Copps retired from the FCC in 2012, but he didn't want to stop fighting for the things he was passionate about, such as media and the future of news. He went to Common Cause, a non-profit, non-partisan advocacy organization, to continue his efforts.
A Done Deal?
Investors might assume that the Comcast-Time Warner merger is a done deal, but Copps thinks it could still be stopped.
"There's all sorts of grounds for disapproval," he said. "Antitrust, consumer choice, competition, program access -- or what happens to the ad market for small businesses when [Comcast] has power like this? If we can't even contemplate ways to stop this, we're in an awful position, because this media consolidation desire just continues."
And when these multi-billion-dollar mergers do go through, Copps said, consumers are the ones who pay for them.

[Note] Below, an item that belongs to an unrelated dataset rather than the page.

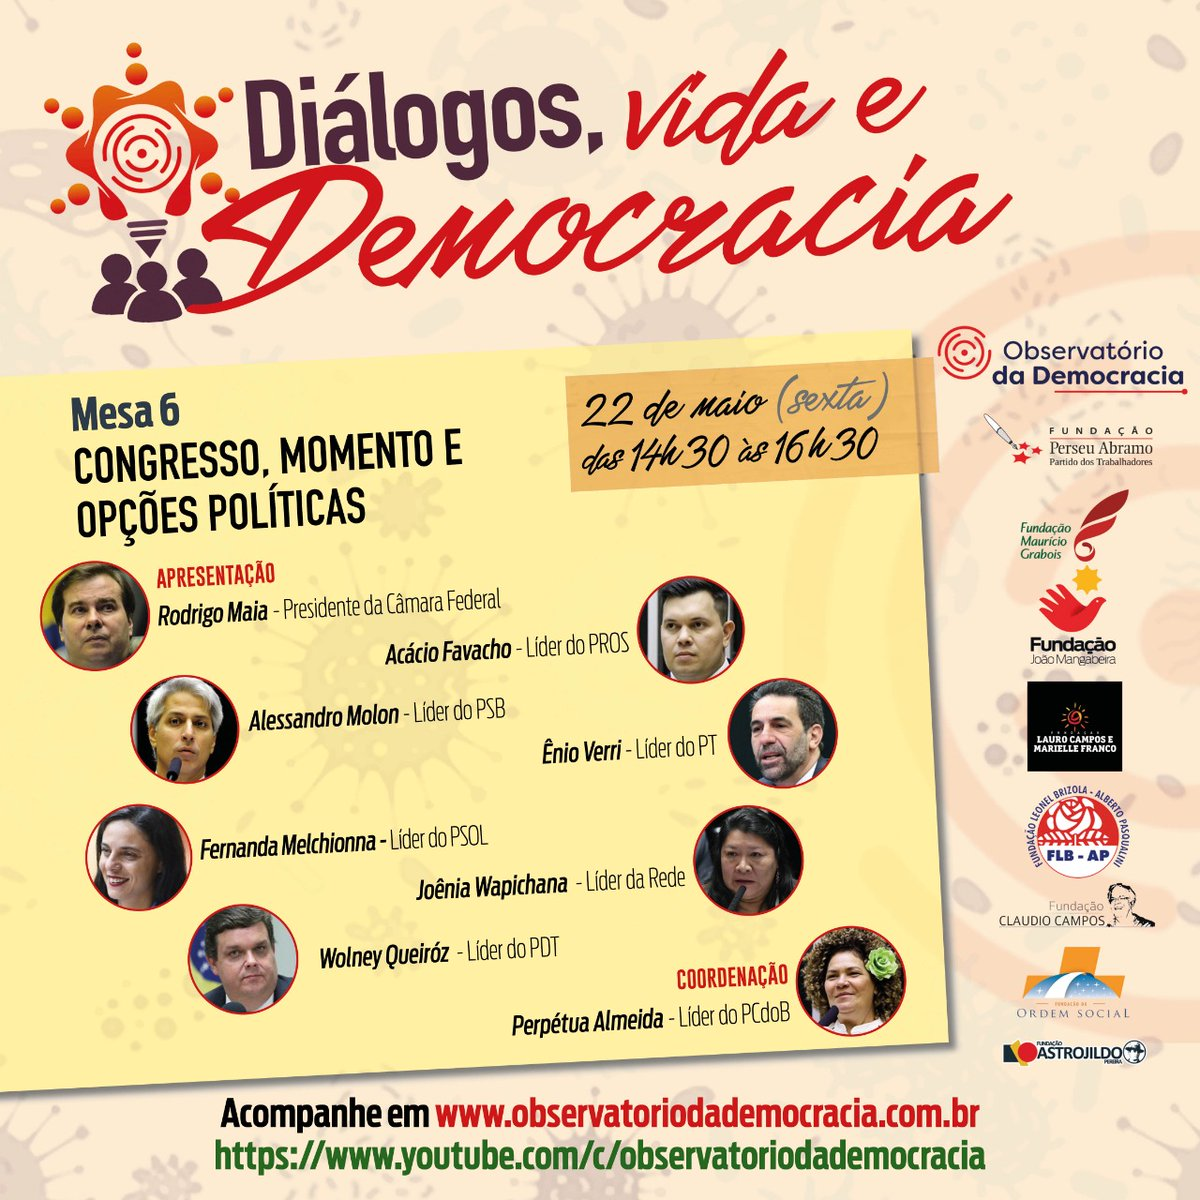 Daqui a pouco começa a mesa Congresso, Momento e Opções Políticas nas redes das fundações do Observatório e no youtube

"When you finance these big mergers and transactions, the companies always tell me they're gonna have all these great economies and efficiencies and economies of scale and all of that stuff, and then the first thing they do…is fire newsroom staffs, downsize newsrooms, close bureaus," Copps added.
Disclosure: At the time of this writing, Louis Bedigian had no position in the equities mentioned in this report.